Ford is going open source to improve its Sync connectivity system. At the 2013 Consumer Electronics Show (CES) in Las Vegas, the company announced that it is launching an open mobile app developer program for apps that will work with Sync’s AppLink application programming interface (API).

The Ford Developer Program will invite software developers to create apps that interface directly with a car’s infotainment system, rather than relying on a mobile device to bridge the gap.

“The Ford Developer Program marks a dramatic shift in how we will innovate new features and add value to our vehicles throughout the ownership period,” said Hau Thai-Tang, vice president of engineering, Ford Global Product Development. “Opening the car to developers gives consumers a direct voice and hand in the creation of apps that can help our products remain relevant, up to date and valuable to our customers.”

Thai-Tang views the Developer Program as an obvious progression for Sync, which launched in 2007 when conventional cell phones and digital music devices were the most common gadgets being used while driving.

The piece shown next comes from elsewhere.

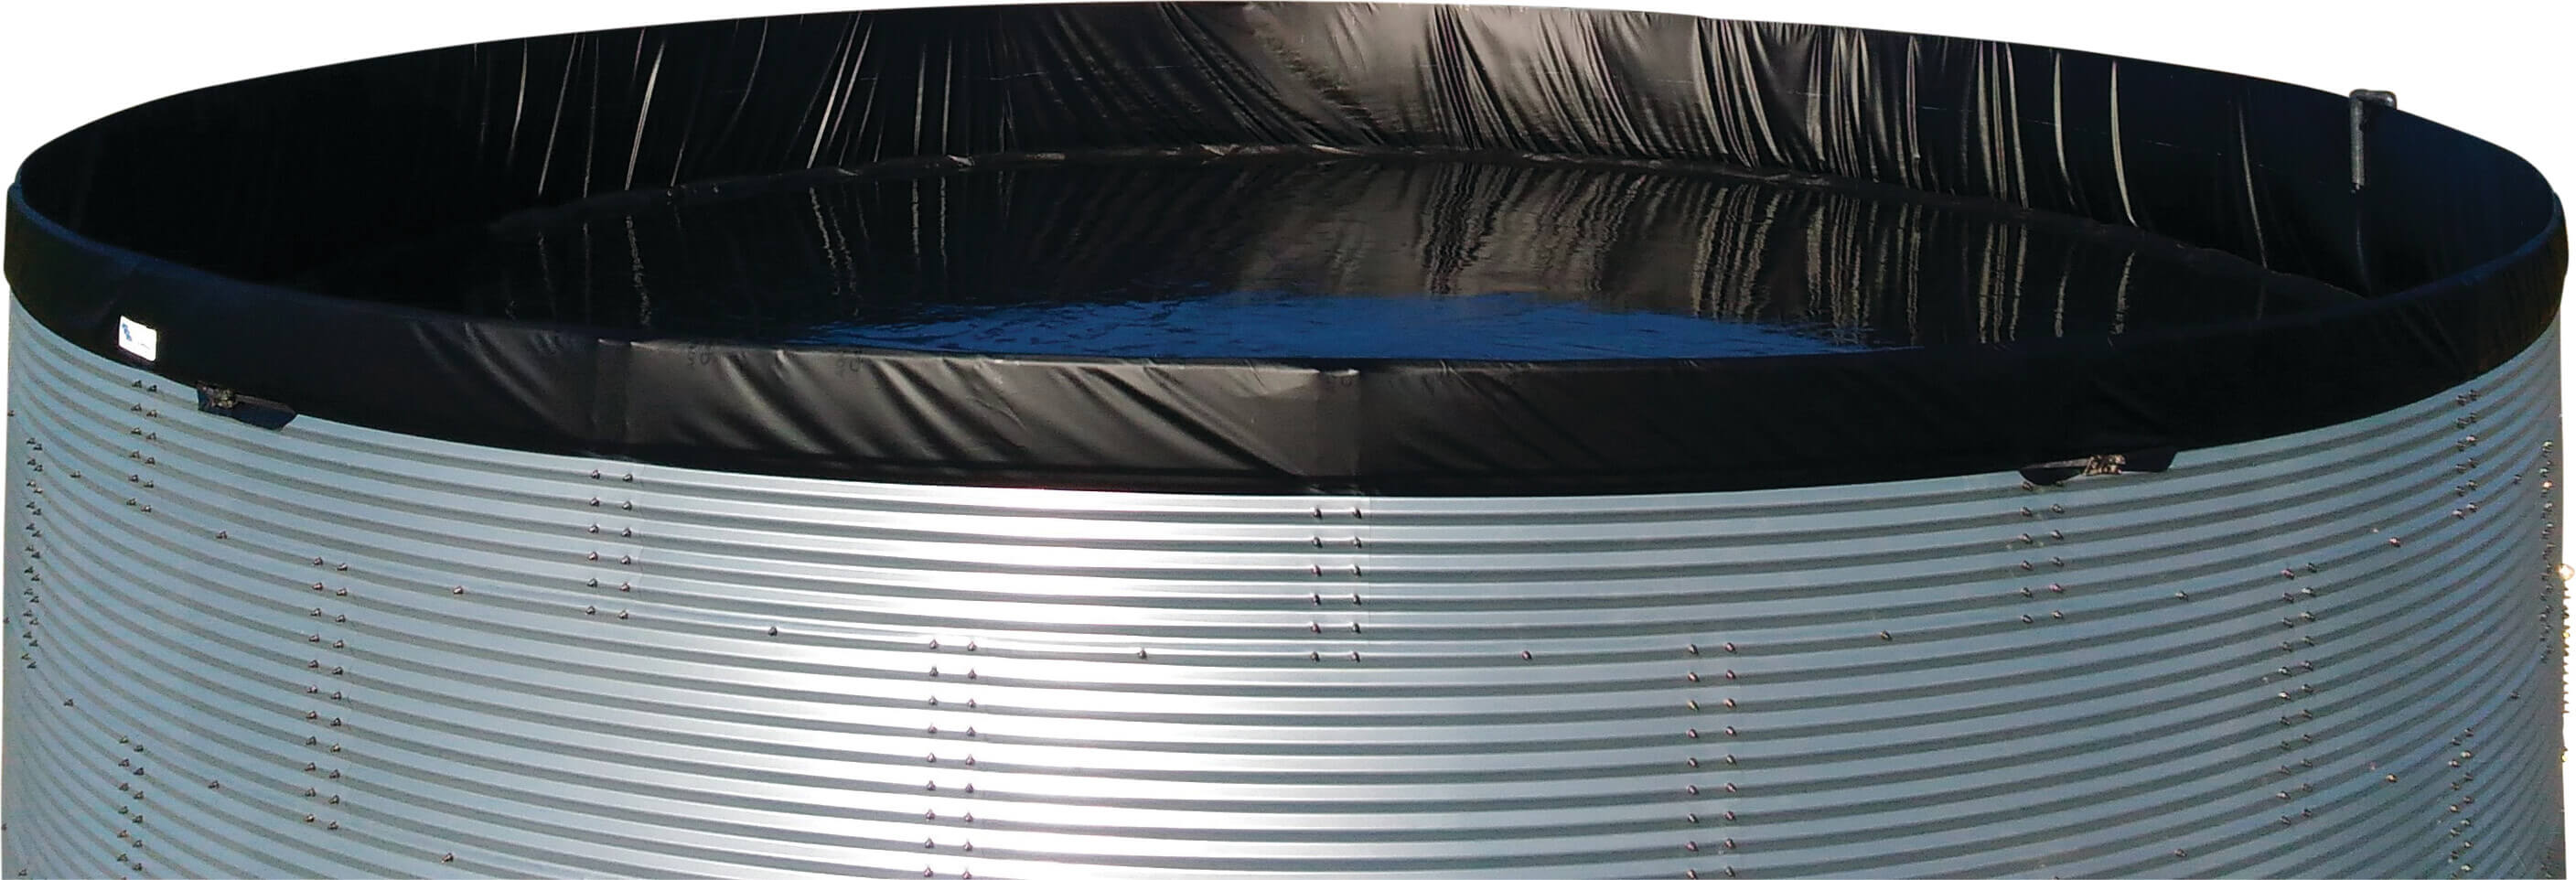 Watertank staal gegalvaniseerd 5000ltr type WSW 2.01 x 1.59m

“When we first introduced SYNC in 2007, there was a need for an appropriate way to connect and control cellphones and digital music players in the car due to the massive consumer adoption trend,” he said. “Offering voice control so drivers can keep their hands on the wheel and eyes on the road has proven to be popular with our customers. Now, with an even faster adoption rate of smartphones, there is a need for a renewed focus on voice control for the unique capabilities of these devices, especially for the use of apps.”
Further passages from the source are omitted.